用scrapy爬取一个页面里面的所有链接,但是我想获得的是爬取链接里面的内容应该如何做?以前用bs4做过成功了,但是我不知道scrapy如何进一步解析链接啊。
我的思路
解析rooturl获取url再次解析获取的url获得内容
参考一下,之前写过一个爬取汽车数据的
# -*- coding: utf-8 -*-
import scrapy
from carinfo.items import CarinfoItem,CarBrandItem,CarTypeItem
brands_id = 0
types_id = 0
cars_id = 0
class CarinfosSpider(scrapy.Spider):
name='carinfos'
start_urls = (
'http://xxx.com',
)
def parse(self, response):
links = response.xpath('//div[@class="l"]/a[1]/@href').extract()
for link in links:
yield scrapy.Request(link,callback = self.parse_brand,meta={'brands_id':brands_id,'types_id':types_id,'cars_id':cars_id})

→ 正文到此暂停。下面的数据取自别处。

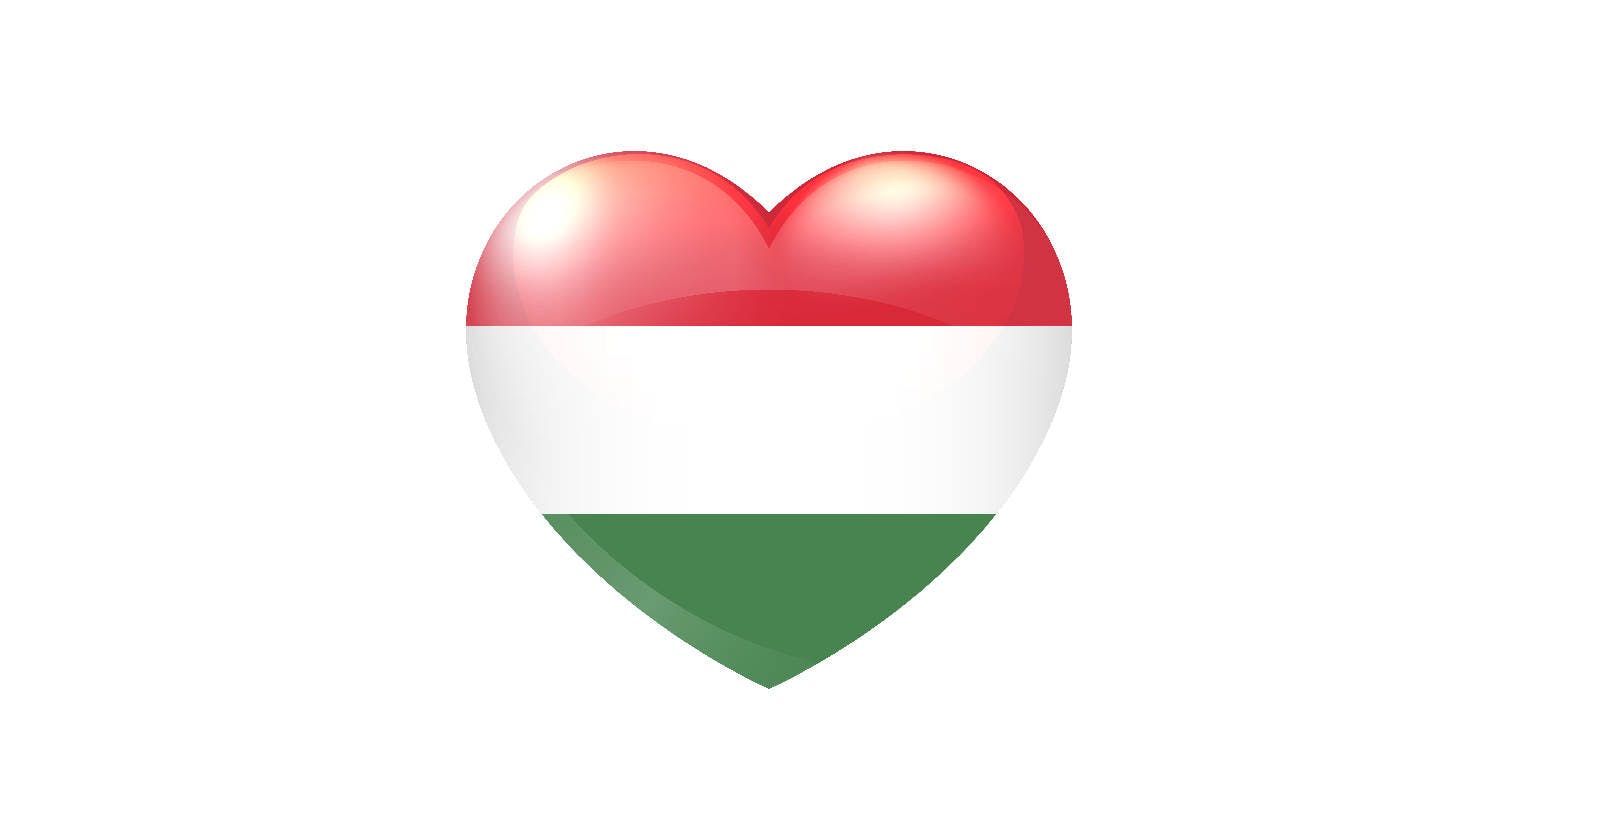 A Brief Introduction To The Hungarian Language 😊

def parse_brand(self,response):
# brands_id = response.meta['brands_id']
# types_id = response.meta['types_id']
# cars_id = response.meta['cars_id']
global brands_id
global types_id
global cars_id
brand_id = brands_id
brands_id = brands_id + 1
brand_name = response.css('.brand_logo+h1::text').extract()[0]
brand_img = response.css('.brand_logo img::attr(src)').extract()
#记录brand_id,brand_name,brand_img
item = CarBrandItem()
item['infoType'] = 'brand'
item['brandID'] = brand_id
item['brandName'] = brand_name
yield item
links = response.css('.car-list p a::attr(href)').extract()
for i in range(len(links)):
full_url = response.urljoin(links[i]) + 'items.html'
yield scrapy.Request(full_url,callback = self.parse_type,meta={'brand_id':brand_id,'brand_name':brand_name,'brands_id':brands_id,'types_id':types_id,'cars_id':cars_id})
def parse_type(self,response):
# brands_id = response.meta['brands_id']
# types_id = response.meta['types_id']
# cars_id = response.meta['cars_id']
global brands_id
global types_id
global cars_id
brand_id = response.meta['brand_id']
brand_name = response.meta['brand_name']
type_id = types_id
types_id = types_id + 1
type_name = response.css('.car_banner_l .num::text').extract()[0]
item = CarTypeItem()
item['infoType'] = 'type'
item['brandID'] = brand_id
item['brandName'] = brand_name
item['typeID'] = type_id
item['typeName'] = type_name
yield item
#记录brand_id,brand_name,type_id,type_name
links = response.css('.car_name ul li p a::attr(href)').extract()
for link in links:
yield scrapy.Request(link,callback = self.parse_cars,meta={'brand_id':brand_id,'brand_name':brand_name,'type_id':type_id,'type_name':type_name,'brands_id':brands_id,'types_id':types_id,'cars_id':cars_id})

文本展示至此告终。